For 5% sampling: threshold = 0x0ccccccccccccccc

This is not OpenTelemetry's consistent probability sampling. OpenTelemetry samples based on trace IDs using a shared random seed — any node can independently make the same sampling decision for coordination-free distributed tracing. ATI's PRF uses secret keys per policy with the complete 256-bit PRF value embedded in L2 attestations, enabling third-party reproduction of every sampling decision.

Domain separation prevents cross-purpose collisions:

Prefix	Purpose
`prf:v1`	Pseudorandom function
`reqdig:v1`	Request digest commitment
`evid:v1`	Evidence commitment
`bearer:v1`	Heartbeat bearer token
`s3p:sampler:v1`	S3P random sampling

2.4 Co-Epoch Binding

Attestations are bound to the runtime state at the moment of execution through a multi-layer network isolation proof (NETATT):

Layer	Component	Hash Computation
1	Policy	SHA-256(canonical JSON egress policy, RFC 8785)
2	iptables	SHA-256(normalized dump: tables ordered raw/mangle/nat/filter)
3	eBPF	SHA-256(programs sorted by attach point, ELF section order)
4	CNI	SHA-256(RFC 8785 canonical JSON of CNI config)
5	SPKI Pins	Array of SHA-256(DER_SPKI), lexicographically sorted

Final: network_state_hash = SHA-256(CBOR_encode(NETATT))

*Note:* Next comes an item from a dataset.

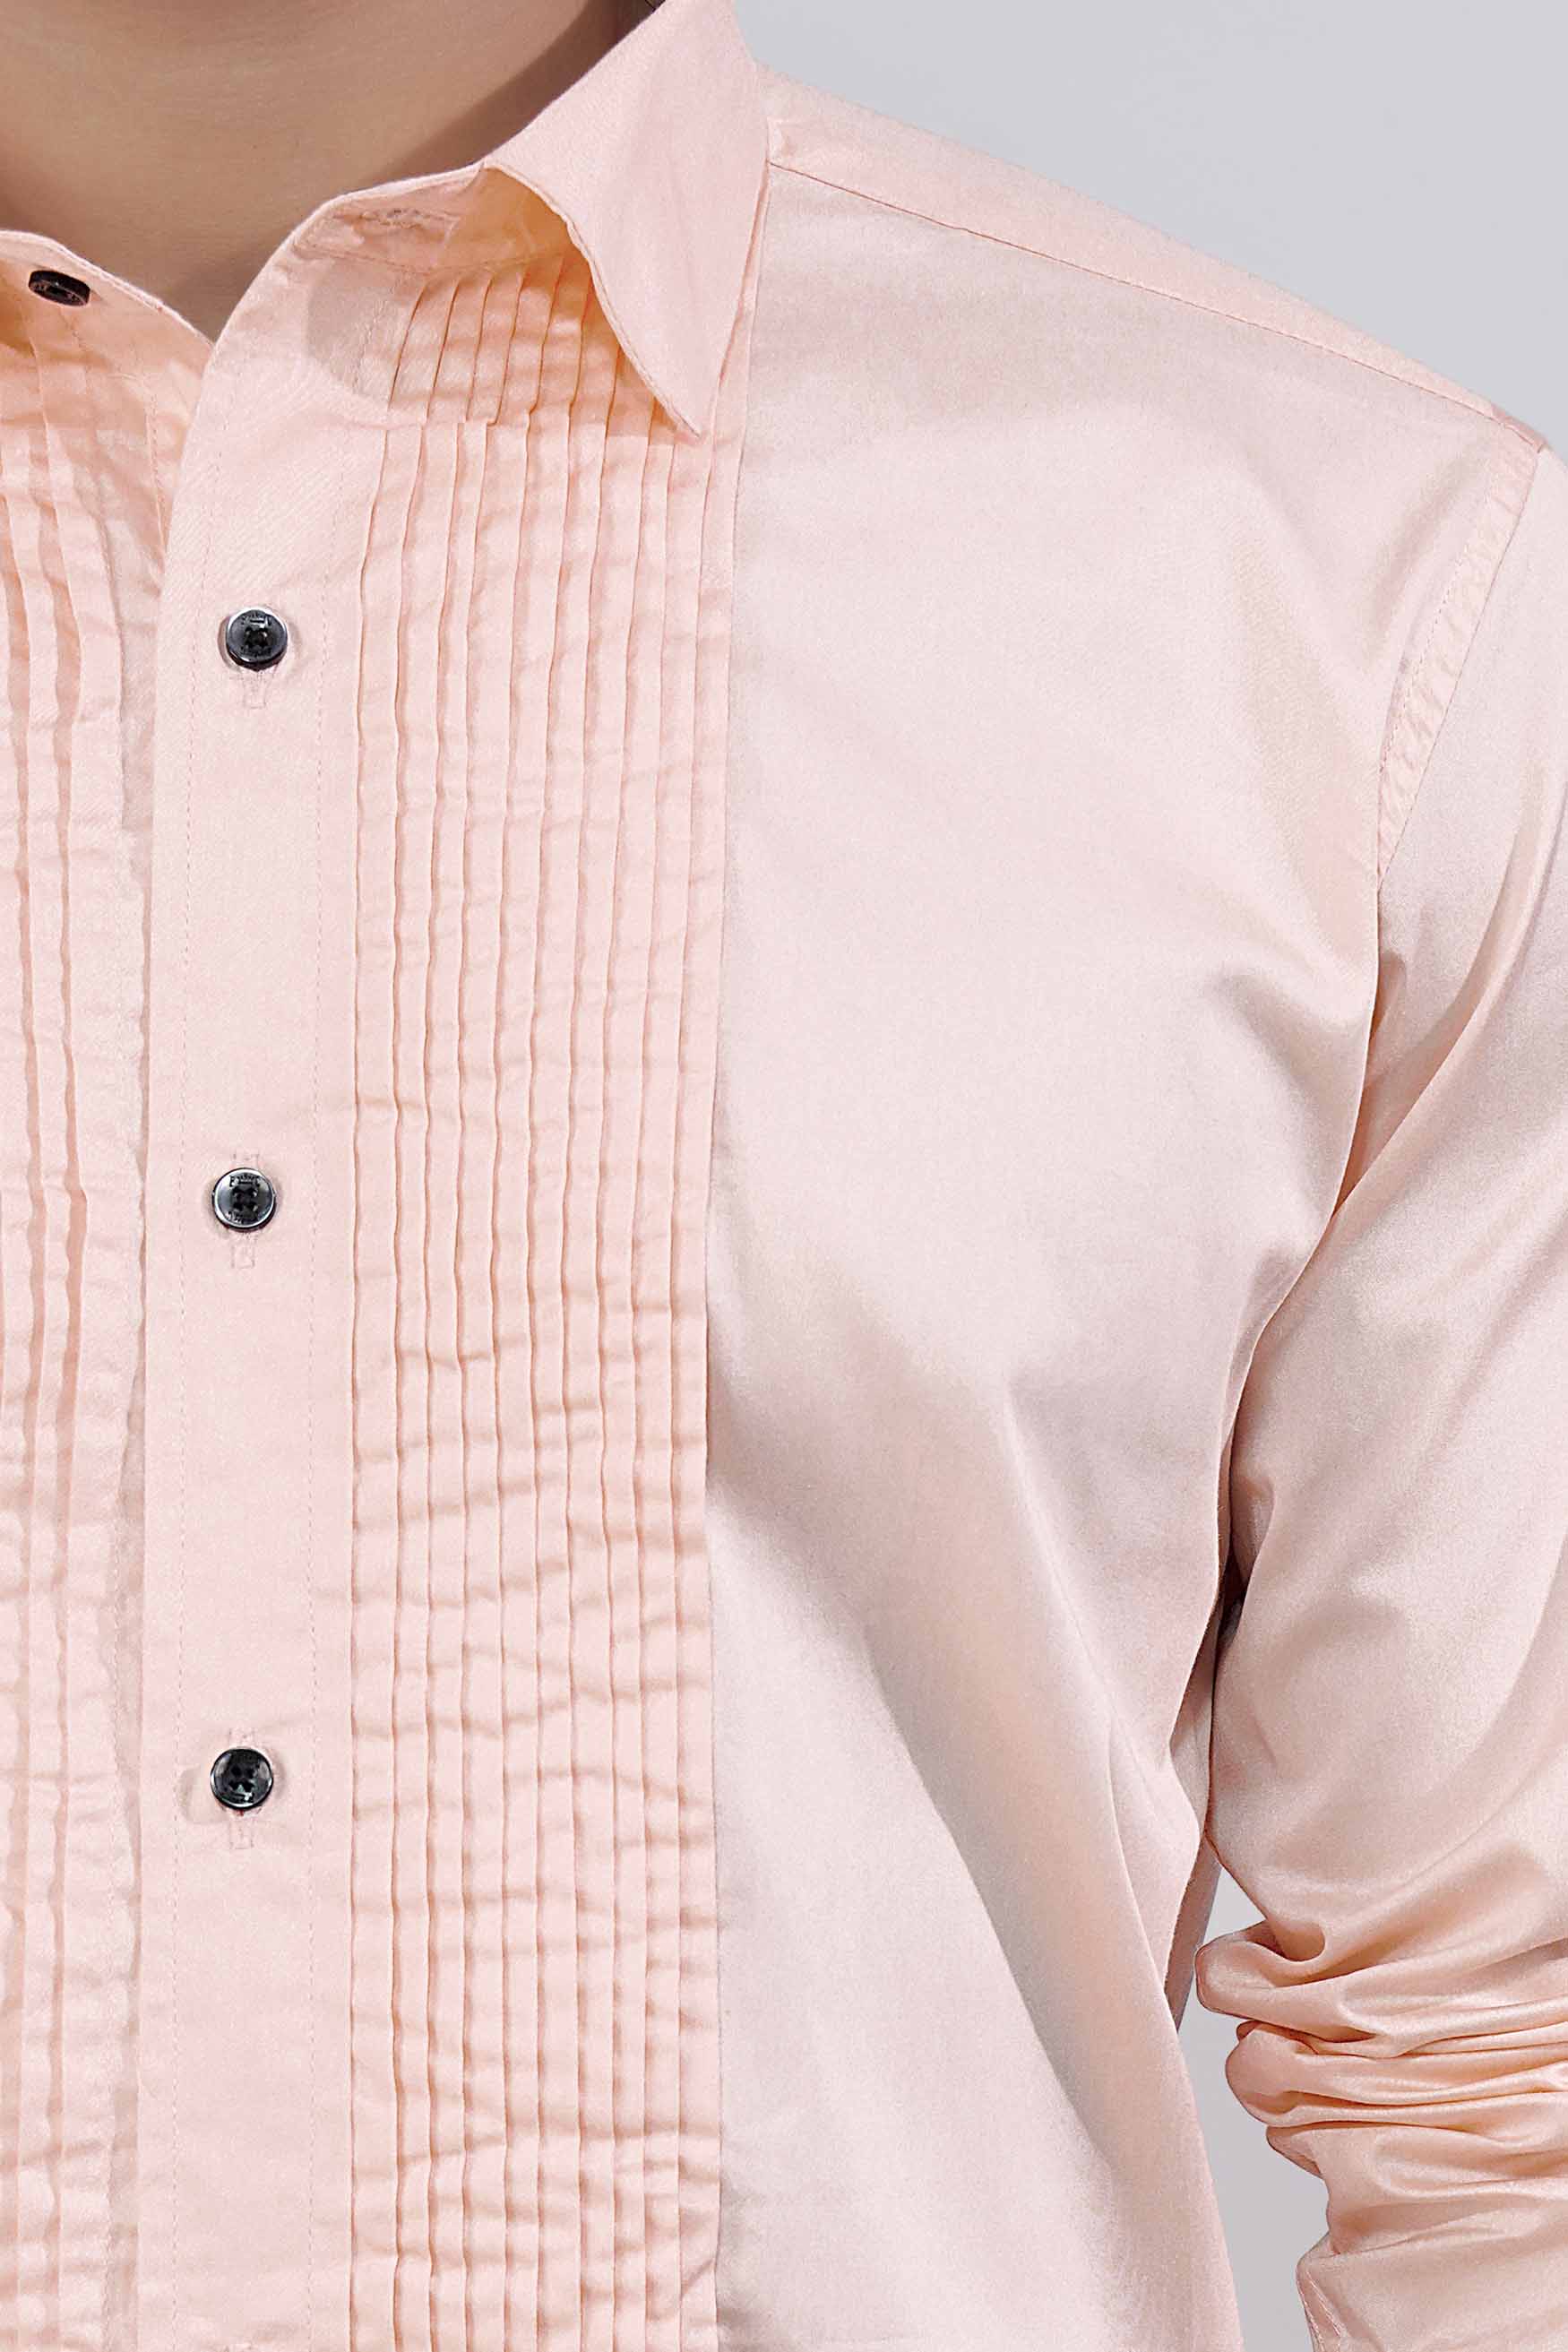 Oyster Pink Subtle Sheen Super Soft Premium Cotton Tuxedo Shirt

The receipt service requires co-epoch NETATT for every receipt. A sidecar cannot claim attestations were made during an epoch unless it registered its binary hash and network state during that epoch. This prevents:

Replay attacks — Old attestations cannot be resubmitted
Configuration drift — Binary or network changes without detection
Substitution attacks — One sidecar cannot impersonate another

2.5 The Closed Schema Guarantee

The receipt service API enforces additionalProperties: false at every level:

{
  "type": "object",
  "properties": {
    "attestation_hash": { "type": "string", "pattern": "^[a-f0-9]{64}$" },
    "heartbeat_epoch": { "type": "integer", "minimum": 0 }
  },
  "required": ["attestation_hash", "heartbeat_epoch"],
  "additionalProperties": false
}

Any request containing fields not in this schema receives ERR_SCHEMA_UNKNOWN_FIELD. This is not a policy decision — it is a structural guarantee. The receipt service cannot receive evidence content because there is no field in the schema to put it.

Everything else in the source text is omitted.